However, in the related art, although it enables to reduce the number of write-back by switching the above-described structures (1) and (2), there is no measure taken for bus load. Thus, in a system with a plurality of masters present, when the bus load is large because another master is in use of the bus, the replace processing along with the write-back may be carried out. Therefore, bus traffic may increase locally.

In a processor such as a DSP (Digital Signal Processor), which requires real-time processing, the bus traffic becomes a factor for critical processing delay. Further, in general, when designing the bus, width of the bus is designed by assuming the worst bas traffic case. Therefore, for embodying the conventional structure in which the bus traffic is insufficiently arranged, it is necessary to set a bus width with a margin when designing.

SUMMARY OF THE INVENTION

An object of the present invention is to have uniform bus traffic with the consideration of the bus load.

In order to overcome the aforementioned problems, as the main basic structure of the present invention, the cache memory system and the moving picture processor of the present invention comprise: a cache memory; a bus load judging device for performing judgment of a state of a bus that is connected to a recording device in which cache-target data of the cache memory is stored; and a replace-way controller for controlling a replacing form of the cache memory according to a result of judgment performed by the bus load judging device.

This structure enables to change the replacing form according to the bus load so that the bus traffic can be made uniform. For example, under a state where, in a system having a plurality of masters, there is a bus load generated since another master is using the bus, selected is a replacement processing form without write-back having small bus load. In the meantime, under a state with no bus load, selected is a replacement processing form with write-back having a large load. Thereby, the bus traffic becomes uniform. In that case, the cache memory is preferable to be a cache memory of a multi-way set associative system.

It is preferable that the basic structure of the present invention as described above further comprise the following structures. That is, it is preferable that the bus load judging device set validity/invalidity of load of the bus according to the judgment of the bus state, and that the replace-way controller control the replacing form of the cache memory according to a set state of the bus load judging device.

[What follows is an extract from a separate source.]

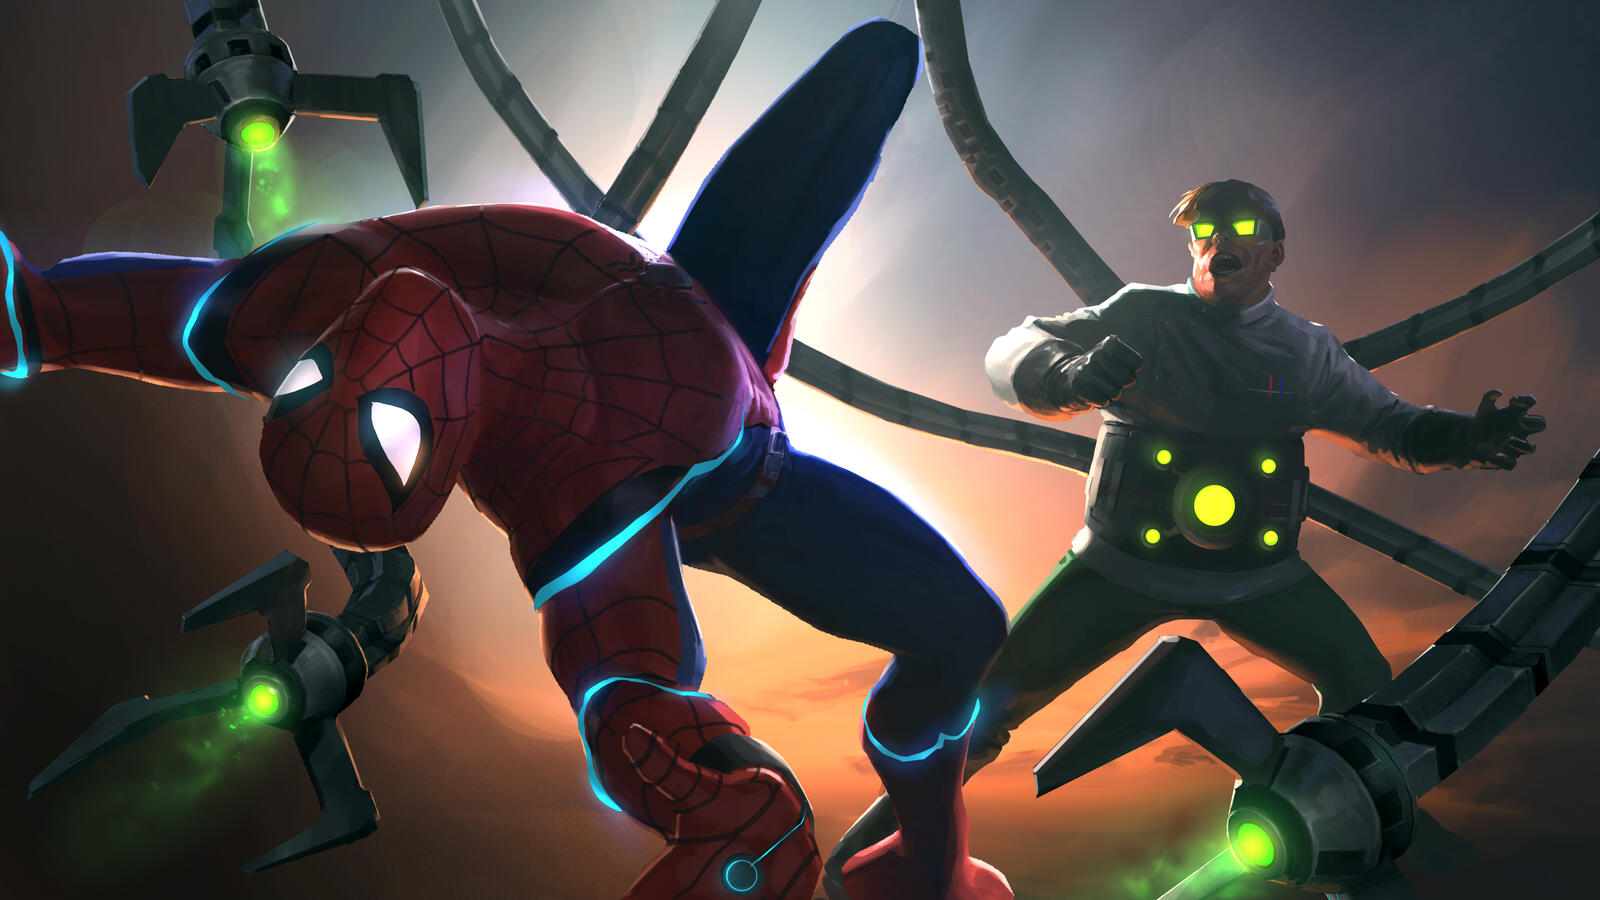 Wallpapers games marvel contest of champions boi on the desktop
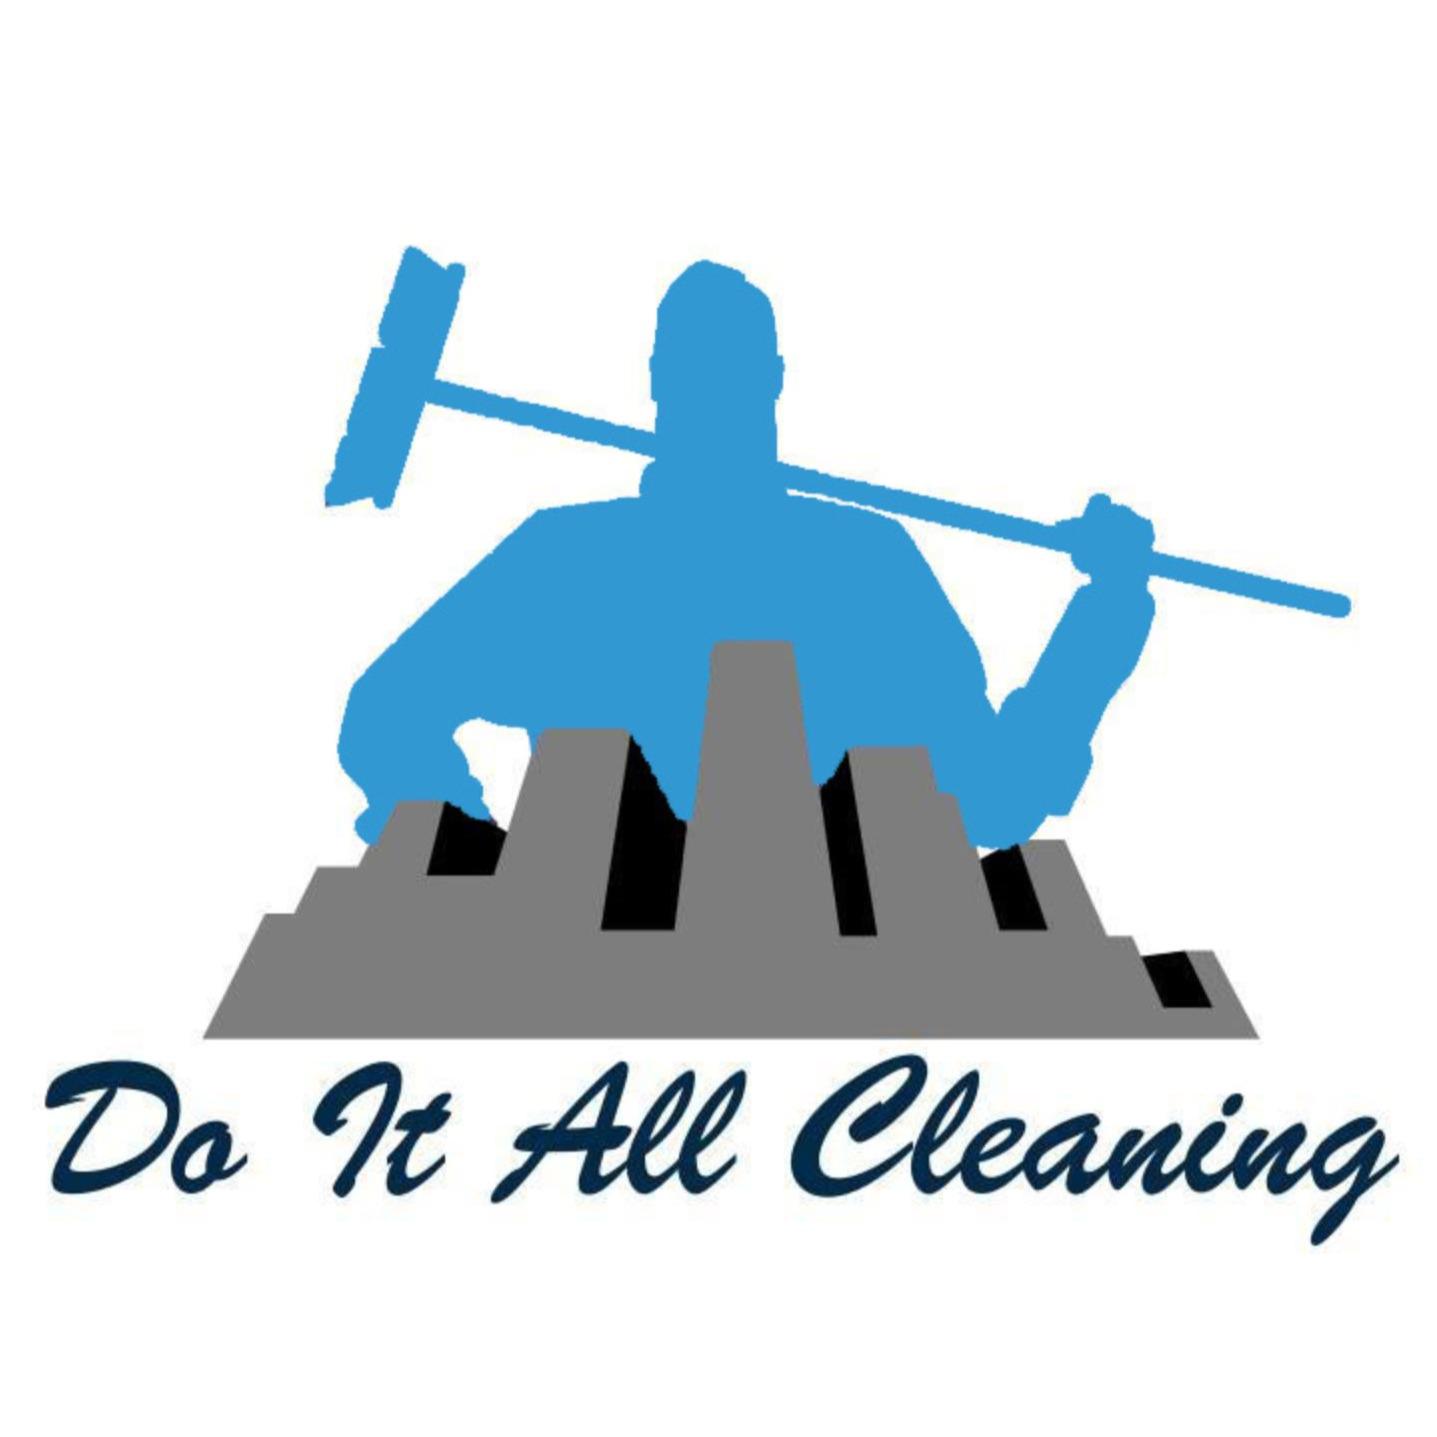 Do It All Cleaning - Wickliffe, OH - (216)466-1721 | ShowMeLocal.com

Further, it is preferable that the replace-way controller perform replacement by giving priority to a way which is not exclusive-discordant when the bus load is judged as valid by the bus load judging device, while performing replacement by giving priority to a way which is exclusive-discordant when the bus load is judged as invalid. With this, at the time of replacing the cache, it is possible to select the replacing form without write-back having a small bus load when there is the bus load being generated. Further, when there is no bus load, the bus can be utilized without a waste by giving priority to perform the replacing form with write-back having a large bus load.

Furthermore, it is preferable that the bus load judging device comprise: a bus load information holding unit which gathers and holds bus request reserved number of the bus; a bus load judging condition setting unit for setting a condition for judging (referred to as judging condition herein after) the bus load in the bus request reserved number which is being gathered and held; and a comparator for comparing the bus request reserved number held in the bus load information holding unit and the judging condition set in the bus load judging condition setting unit and, according to a result of comparison performed thereby, sets validity/invalidity of the load of the bus. With this, it becomes possible to detect the bus load only by the information on the bus request reserved number.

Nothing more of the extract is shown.